__YOUR INSTRUCTIONS__. Any picture must be dropped, but each line of the data should be duplicated exactly.

__DATA BLOCK__.
☆ ☆ ☆ ☆
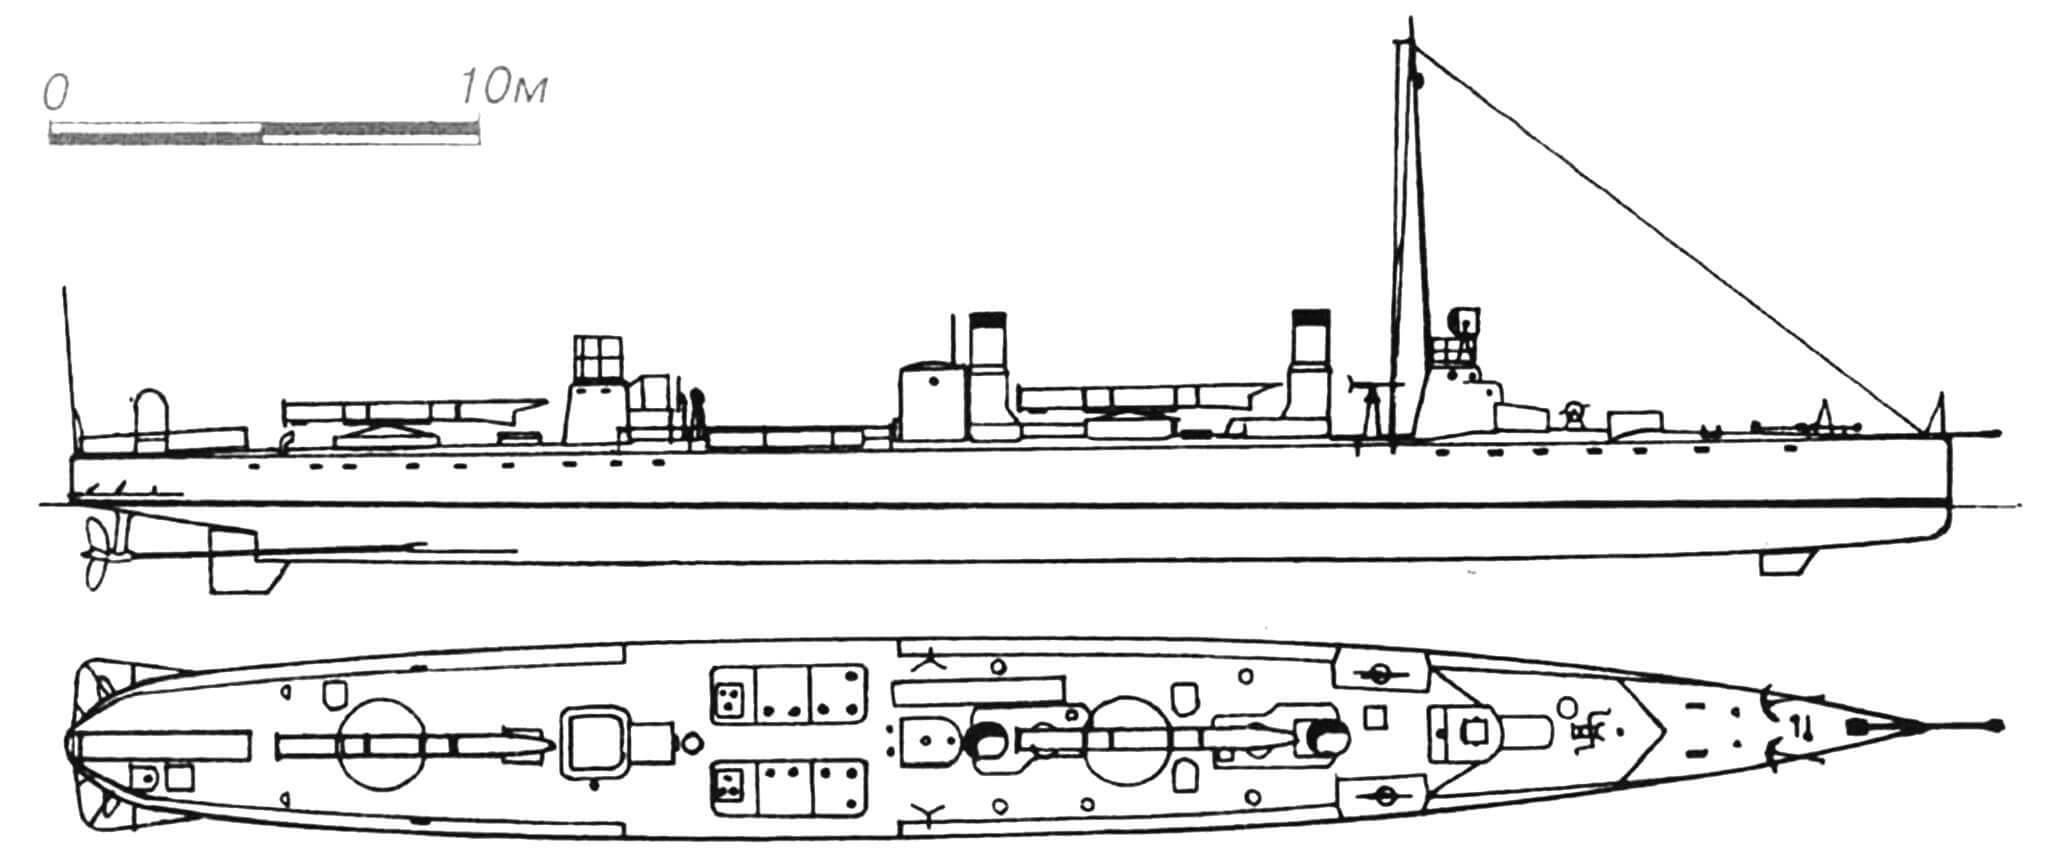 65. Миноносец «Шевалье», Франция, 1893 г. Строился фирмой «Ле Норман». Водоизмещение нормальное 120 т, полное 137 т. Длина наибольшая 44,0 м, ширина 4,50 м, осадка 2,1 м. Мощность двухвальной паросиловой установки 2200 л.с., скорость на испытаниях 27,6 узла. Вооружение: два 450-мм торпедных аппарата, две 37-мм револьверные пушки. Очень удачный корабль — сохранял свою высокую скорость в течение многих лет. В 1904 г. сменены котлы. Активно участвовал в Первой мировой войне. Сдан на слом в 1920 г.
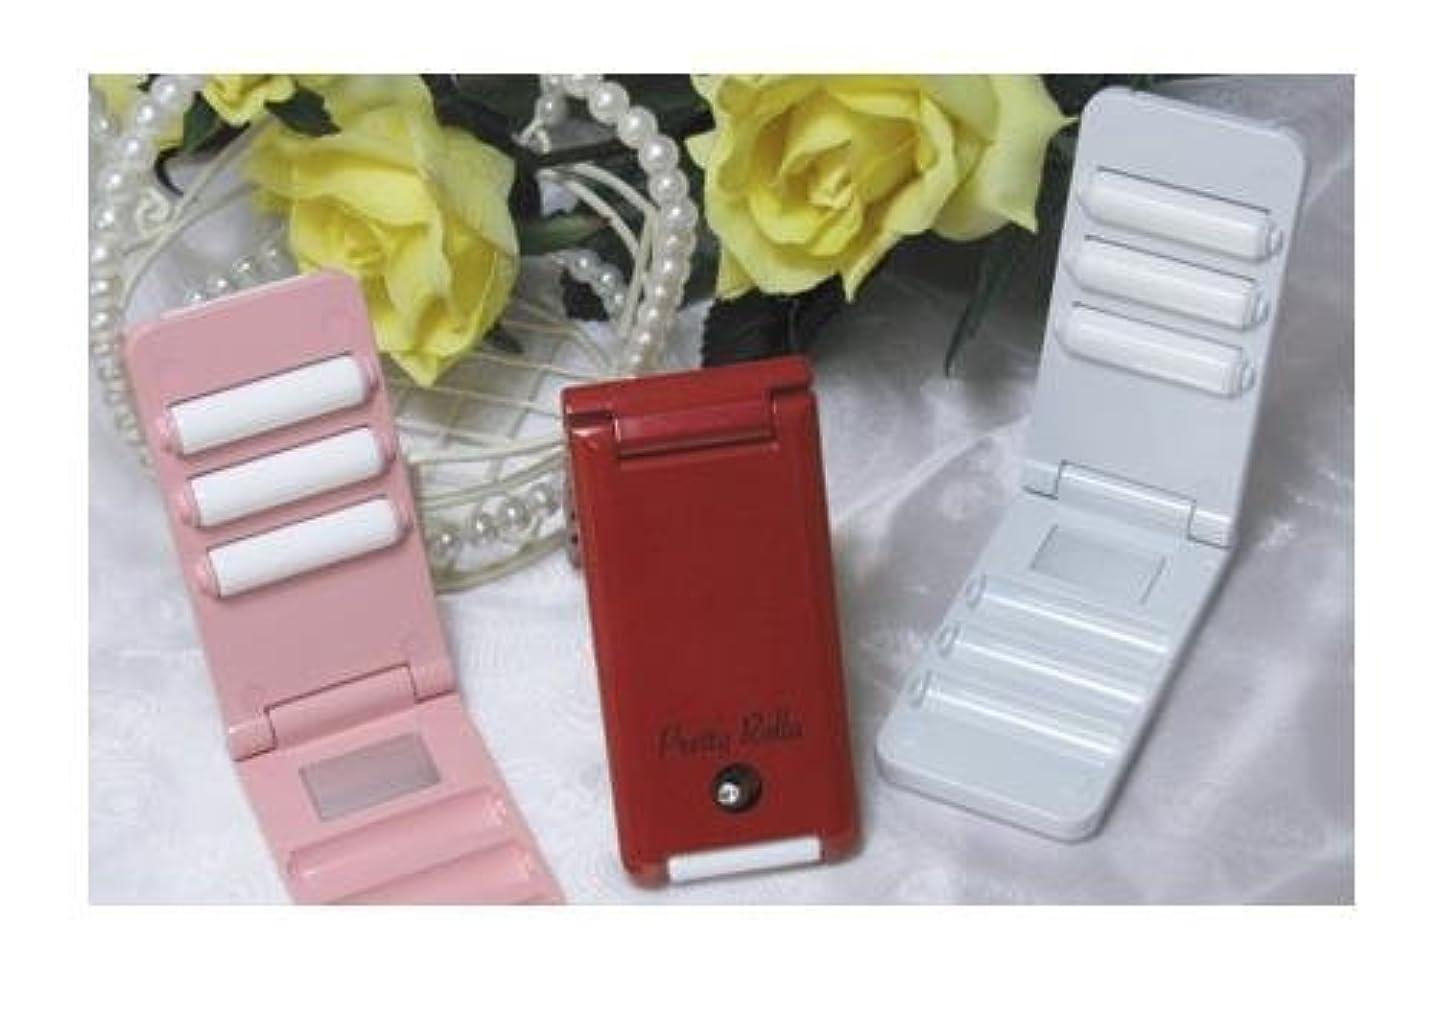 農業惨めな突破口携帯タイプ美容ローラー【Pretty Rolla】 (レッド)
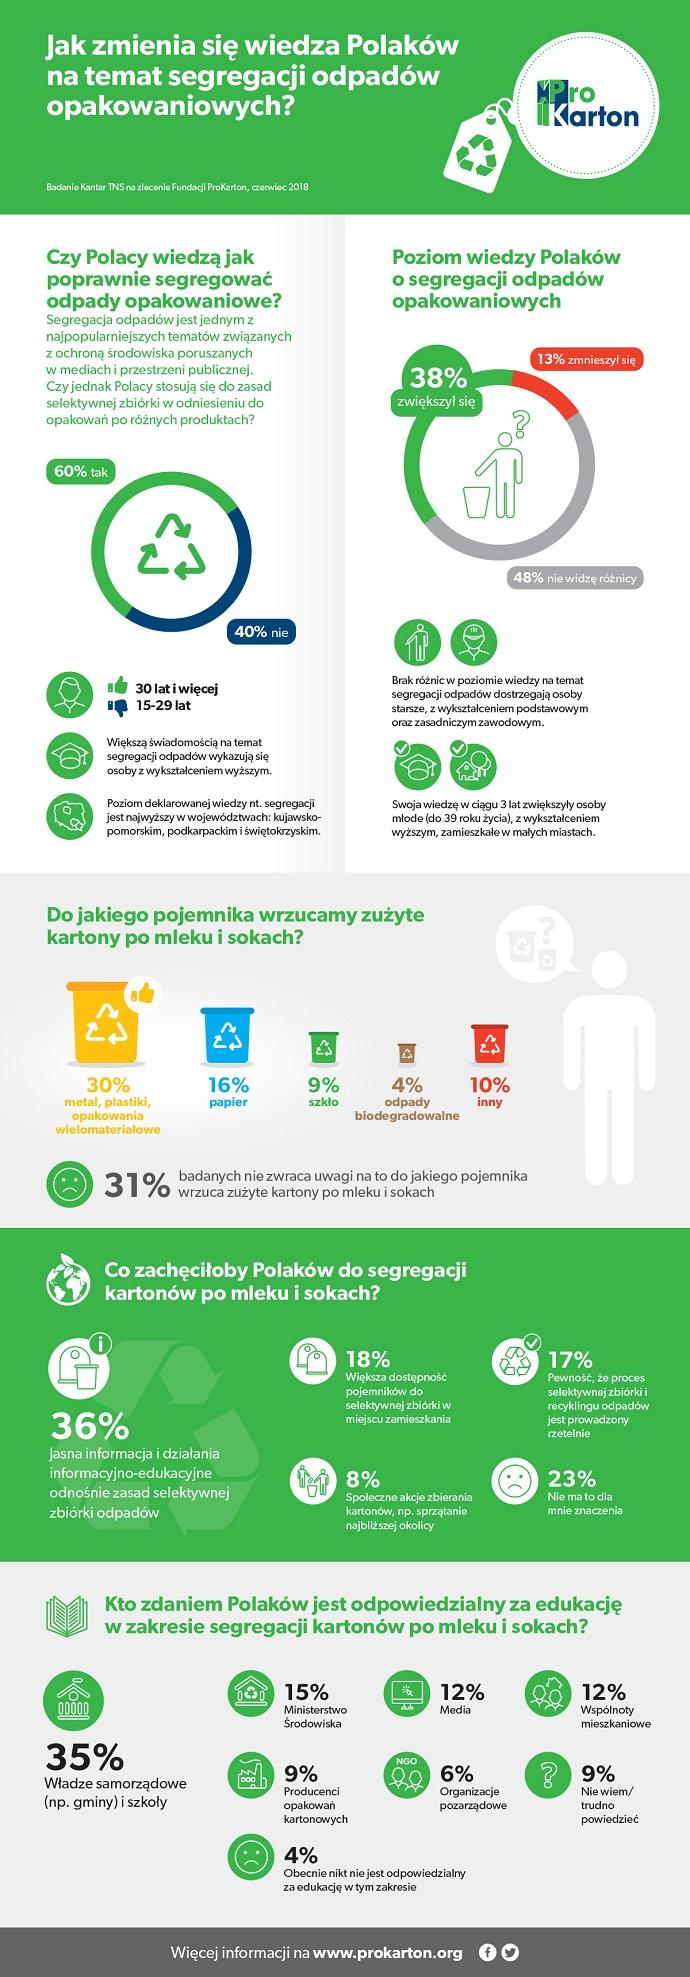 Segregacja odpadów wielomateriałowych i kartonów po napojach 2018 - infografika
☆ ☆ ☆ ☆
__PROBLEM SOLUTION__.
 65. Миноносец «Шевалье», Франция, 1893 г. Строился фирмой «Ле Норман». Водоизмещение нормальное 120 т, полное 137 т. Длина наибольшая 44,0 м, ширина 4,50 м, осадка 2,1 м. Мощность двухвальной паросиловой установки 2200 л.с., скорость на испытаниях 27,6 узла. Вооружение: два 450-мм торпедных аппарата, две 37-мм револьверные пушки. Очень удачный корабль — сохранял свою высокую скорость в течение многих лет. В 1904 г. сменены котлы. Активно участвовал в Первой мировой войне. Сдан на слом в 1920 г.
 農業惨めな突破口携帯タイプ美容ローラー【Pretty Rolla】 (レッド)
 Segregacja odpadów wielomateriałowych i kartonów po napojach 2018 - infografika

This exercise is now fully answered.